Sydney Kuppenbender and Ashley Carlson were awarded the Outstanding Sustainability in Action Project award for an original video called Two-Eyed Seeing, the title a reference to using one eye for Western science and the other for Traditional Ecological Knowledge.
“We knew immediately that we wanted the project to focus on Traditional Ecological Knowledge,” Carlson said. “We found that within most of our classes, there is a lack of Indigenous content and representation. As Indigenous women who practice traditional methods, we thought it to be essential for Traditional Ecological Knowledge to be analyzed under an objective lens, to show how directly it ties in with Western sustainability principles and science.”
Kuppenbender agreed. “As Indigenous students in STEM, we bear witness every day to the lack of Indigenous content in curricula, particularly where it would be appropriate such as in retelling the history of sustainability and the foundational role Indigenous knowledge has played in building up the modern movement. The absence of this content is likely not as obvious to those that do not feel its absence, namely non-Indigenous students in STEM, and this gap is something we desired to address in taking on this project.”
“Most often, putting sustainability into action translates into some combination of applying scientific and expert knowledge to solve a problem with defined policy or economic solutions,” says Dr. Andrew Watson, Assistant Professor in the Department of History, and Associate Faculty member at SENS. “Kuppenbender and Carlson force us to take a step back from assumptions that lay at the heart of sustainability thinking and challenge us to consider how problems might be approached through the lens of a personal and intimate relationship with the land. The result is a well-crafted video that will prompt viewers to pause and reflect on their own thinking.”
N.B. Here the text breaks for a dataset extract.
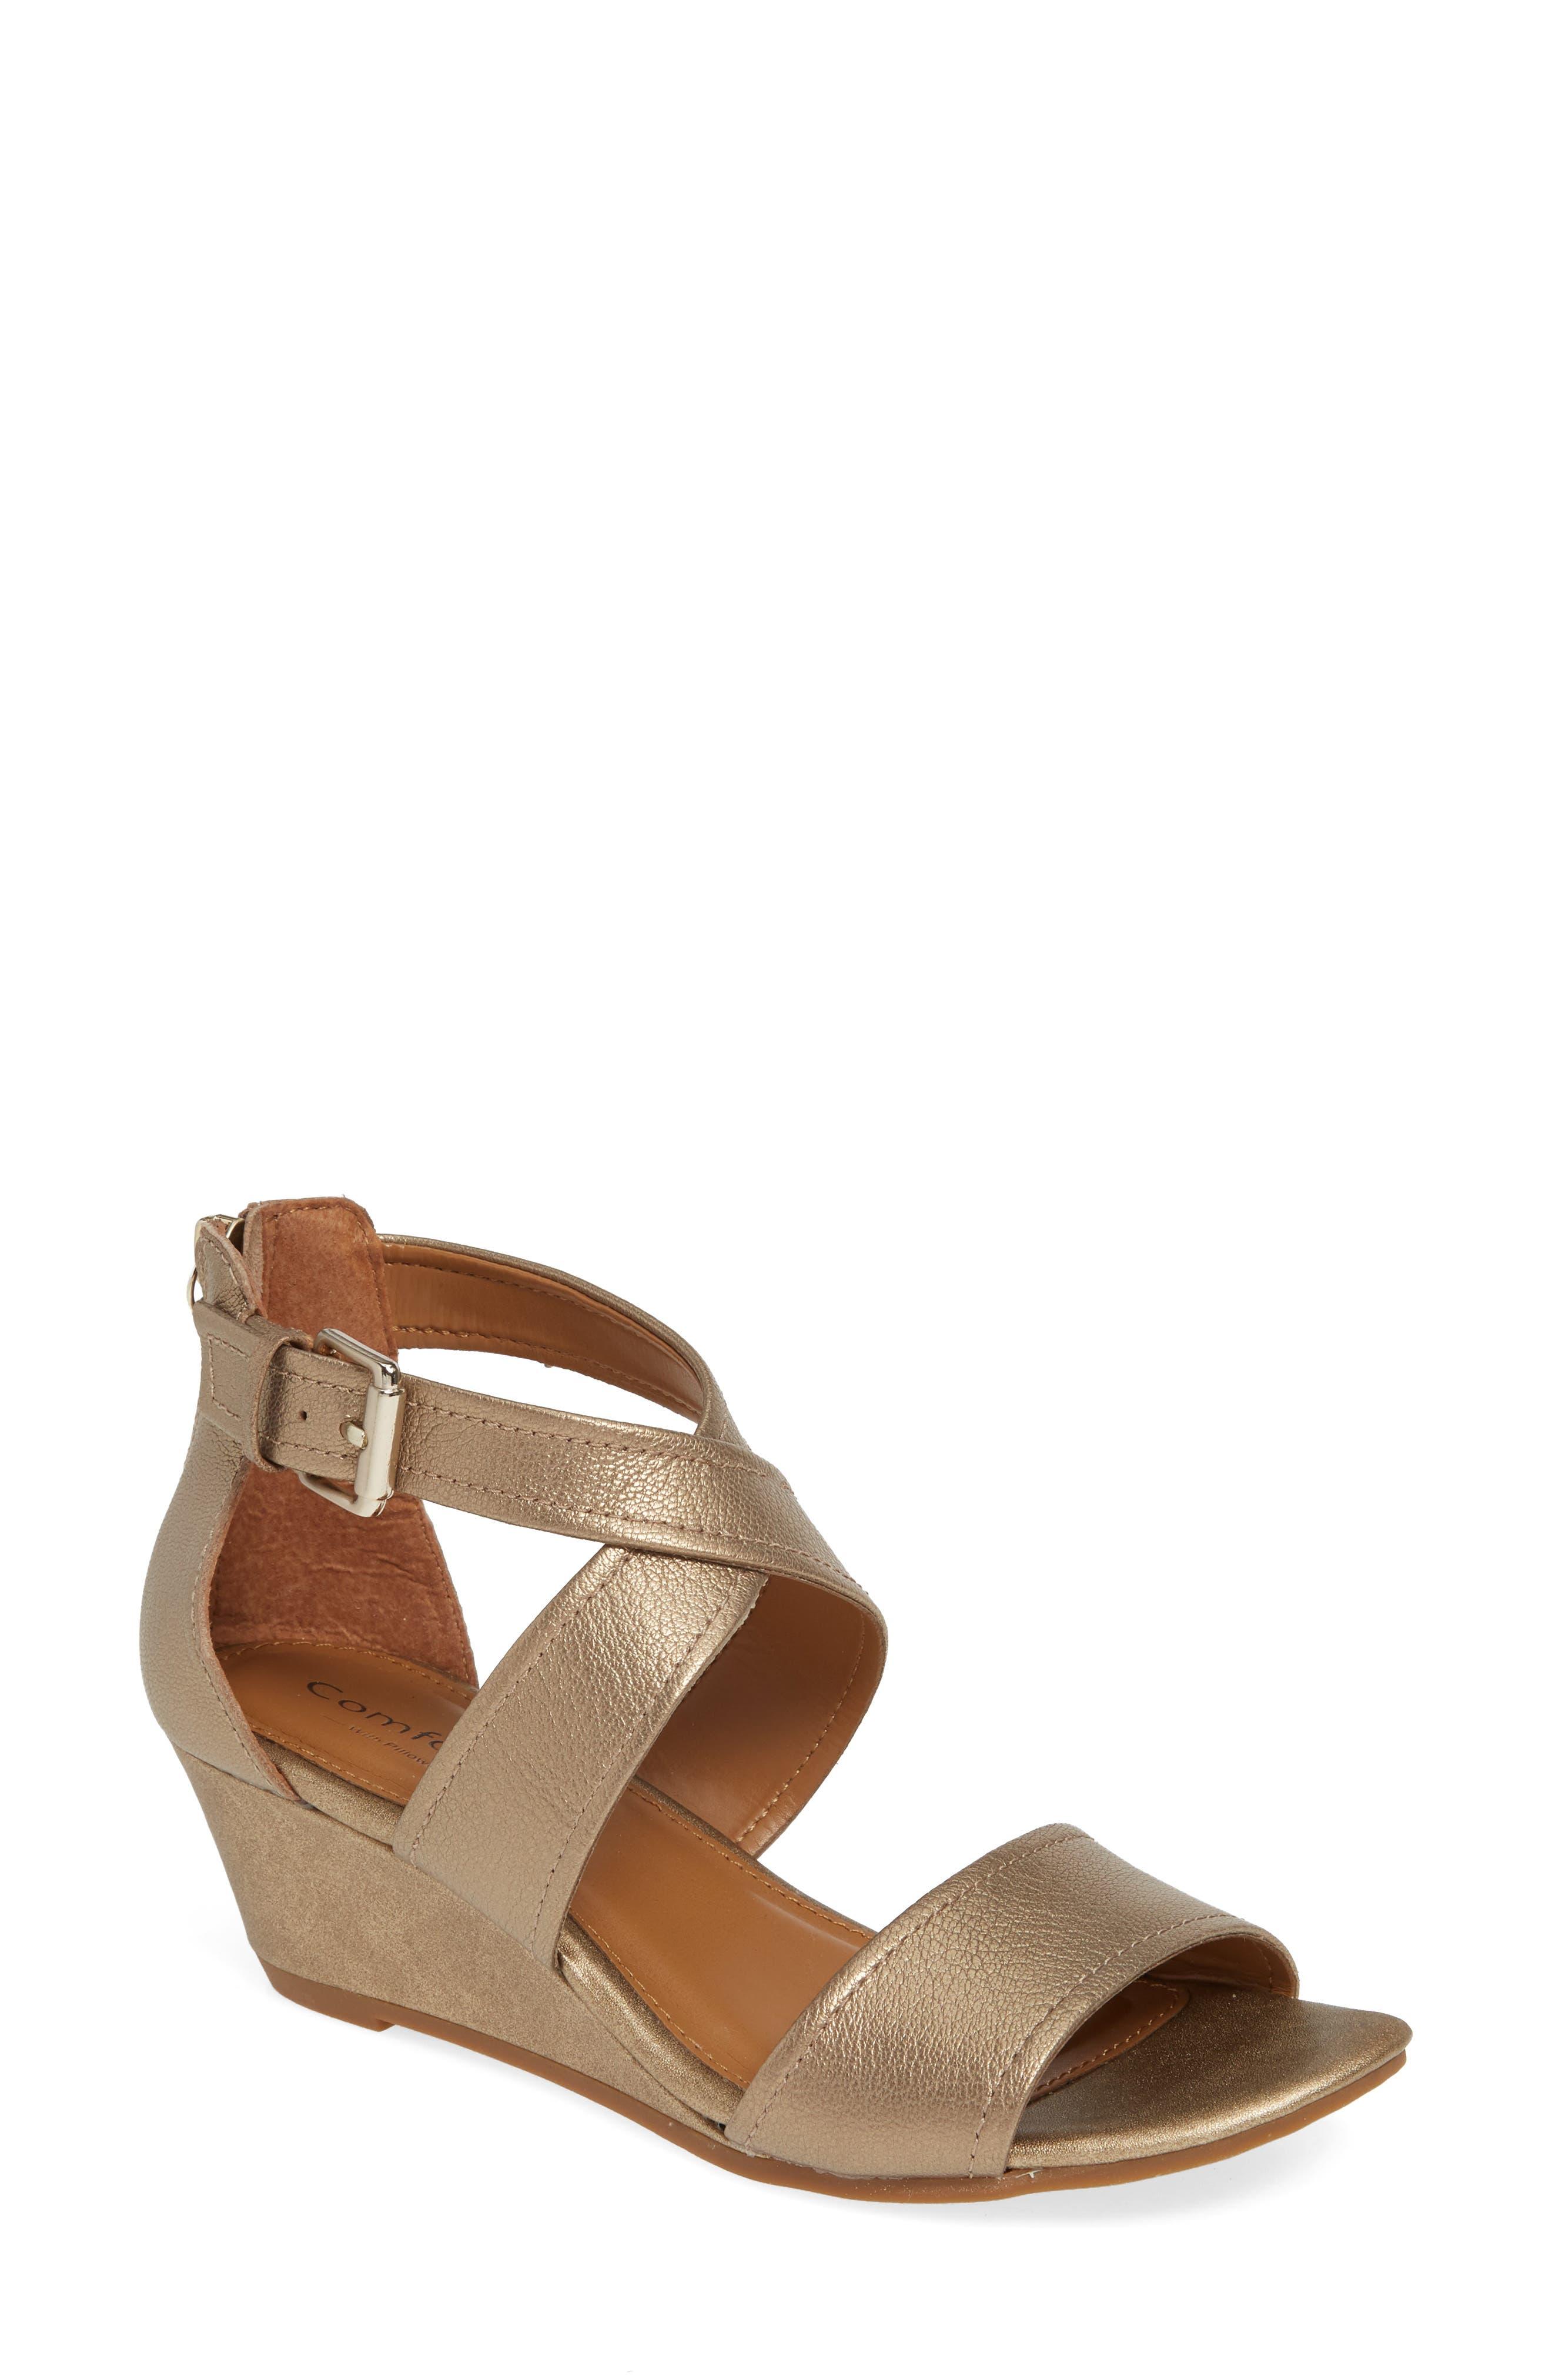 Rabea Wedge Sandal

Abby Chicoine, winner of the Certificate in Sustainability Excellence award, was chosen for her overall performance throughout the certificate program. Dr. Colin Laroque, ENVS 401 instructor and Professor in the Department of Soil Science says, “Abby exemplifies a long-standing perspective in sustainability, and walks the walk in everyday life. Her heart is huge, and her dedication and drive make people around her better. I don’t think there is a way of measuring how successful she will be in the future.”
Chicoine was praised for her quick action and thoughtful leadership when the pandemic forced students in the ENVS 401: Sustainability in Action course to move their project communication online. “She adapted overnight, signed up for a Zoom account, and sent her instructors a link to join her and her group to keep the project moving forward. Abby gets things done,” Laroque says.
For Chicoine, the certificate was a way to deepen her own commitment to sustainability. “I believe that sustainability is more than just a concept; it’s a lifestyle I want to live in every day of my life. The courses I took to complete the certificate were some of the courses that shaped my worldview the most throughout my undergraduate experience. I personally chose the Community and Sustainability stream and I’m very happy that I did so because I think the world needs social sustainability now more than ever.”
A new USask graduate, Chicoine, a sought-after SaskParks interpreter, will continue to keep sustainability top of mind. “Now that I have graduated, I am continuing to work for SaskParks where I have the opportunity to teach kids to love the outdoors. My group is also still working on our bat box project as we are getting our educational signage made. We’ve been so inspired by ENVS 401 that some group members and I are hoping to continue working on small sustainability projects in Saskatoon in the future.”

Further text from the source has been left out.